While Apple’s futuristic AR glasses remain years away, this new development, codenamed N401, will bring real-world context to Siri in a more stylish form factor than a headset. Think of them as “Vision Light”: Smart glasses with onboard cameras, speakers, and microphones capable of live translation, call handling, and turn-by-turn directions. The glasses will not feature augmented reality displays unlike the Vision Pro headset. Instead, they rely on audio and voice feedback which is a deliberate move to reduce complexity, cost, and bulk. This confirms earlier reports suggesting that Apple is working on both an AR model and a non-AR model, with N401 clearly representing the latter.

Apple’s glasses are part of a broader strategy to stay relevant in the rapidly growing market for AI-enabled devices. Meta and Google are already in the same, and OpenAI’s newly announced hardware partnership with Jony Ive is set to crowd the field further.

Also worth noting: This latest report makes no mention of specialized chips named in the prior leak, Glennie for AirPods and Nevis for Apple Watch, though it does reiterate that Apple is facing challenges around integrating camera and sensor data in a lightweight frame. The concept of offloading processing to the iPhone, also mentioned in earlier reporting, still holds relevance as Apple continues to wrestle with balancing performance and power efficiency.
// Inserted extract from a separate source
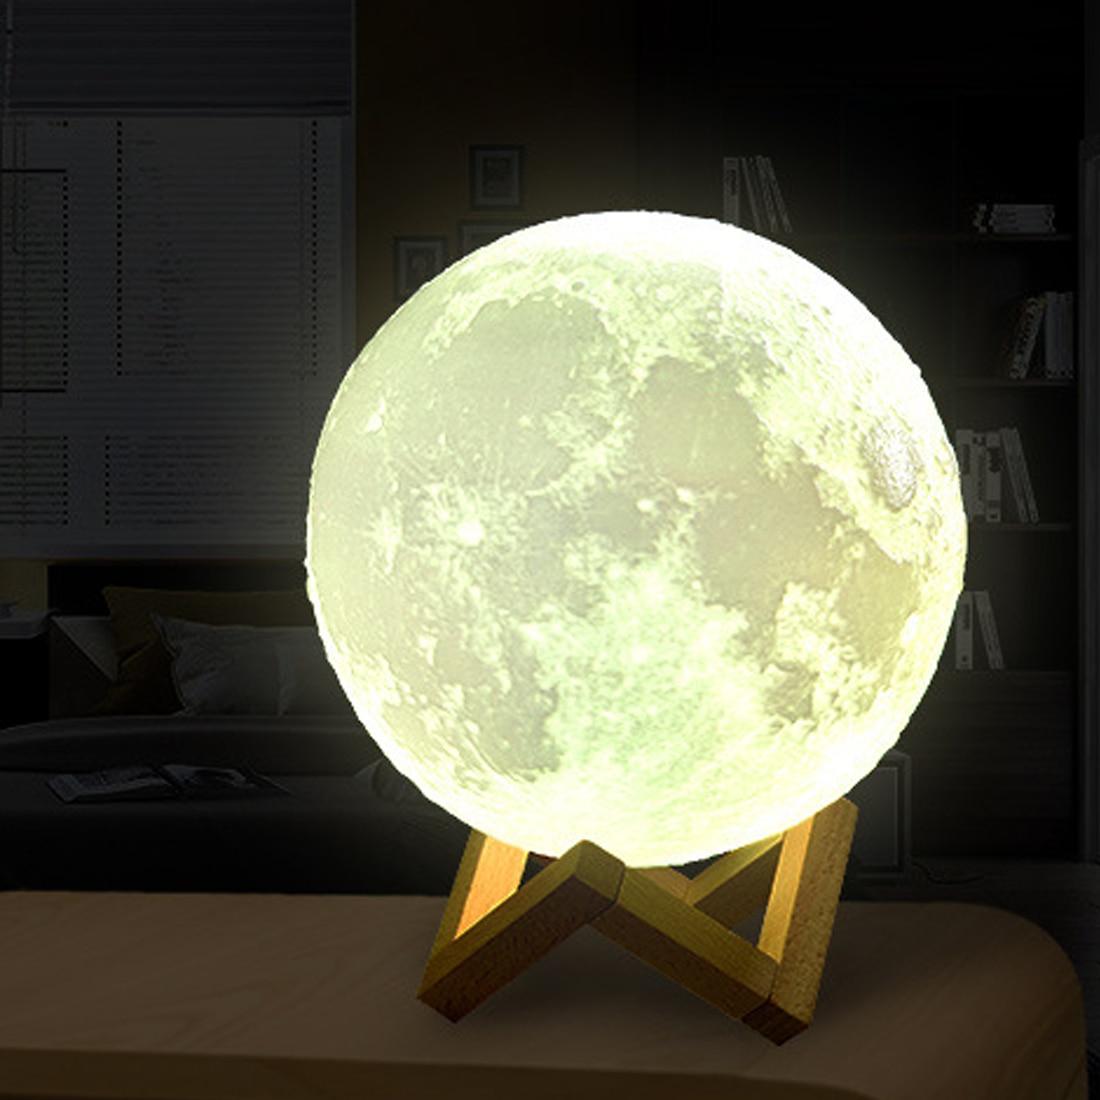 3D печать Лунная лампа 8-20 см USB светодиодный сенсорный светильник Luminaria светильник ing спальня лампа ночник светильник изменение цвета светил...
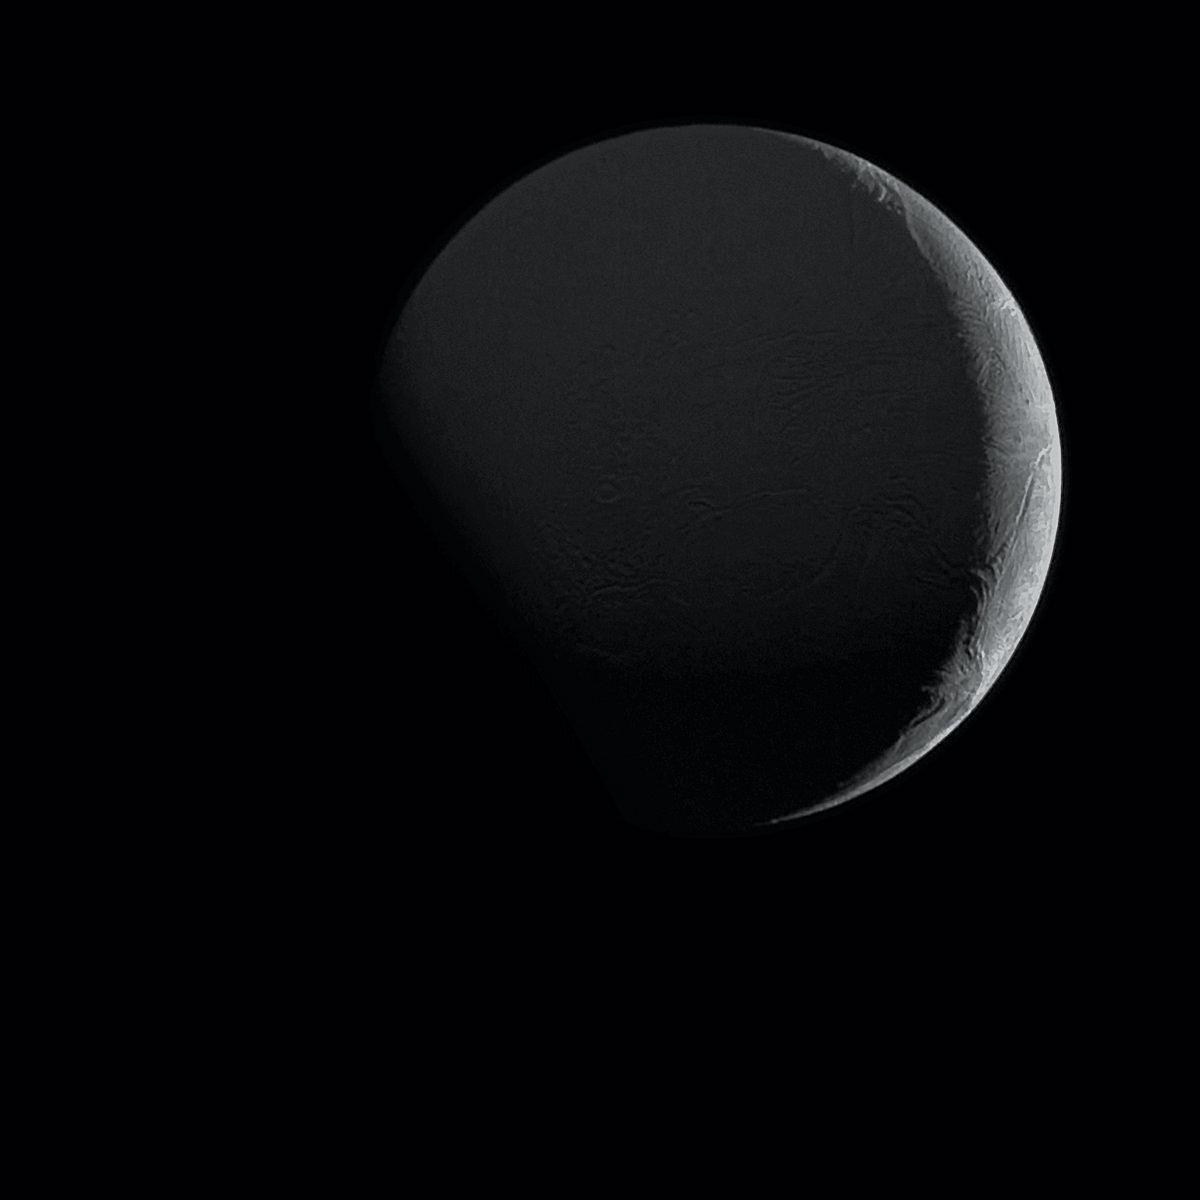 valium aggelein black moon

What about Apple’s other wearable experiments?

Not all ideas are making the cut. Apple has reportedly shelved development of a smartwatch with an integrated camera and real-world analysis capabilities. That device was meant to bring environment-sensing features to the wrist but has been scrapped due to technical hurdles and privacy concerns.

Internally, the smart glasses project is said to be facing some of the same AI limitations Apple has struggles with elsewhere. While Meta’s Ray-Bans benefit from Llama, and Android XR glasses lean on Google’s Gemini, Apple has so far relied on third-party AI like OpenAI or Google Lens for visual understanding on the iPhone. Analysts expect Apple to debut its own proprietary models soon, potentially alongside the new smart glasses.

If all goes as planned, Apple’s AI glasses will serve as a the company’s first real foray into AI-first wearables and promises to redefine how we interact with everyday life. Whether it can beat Meta at its own game remains to be seen, but Apple isn’t content to sit on the sidelines.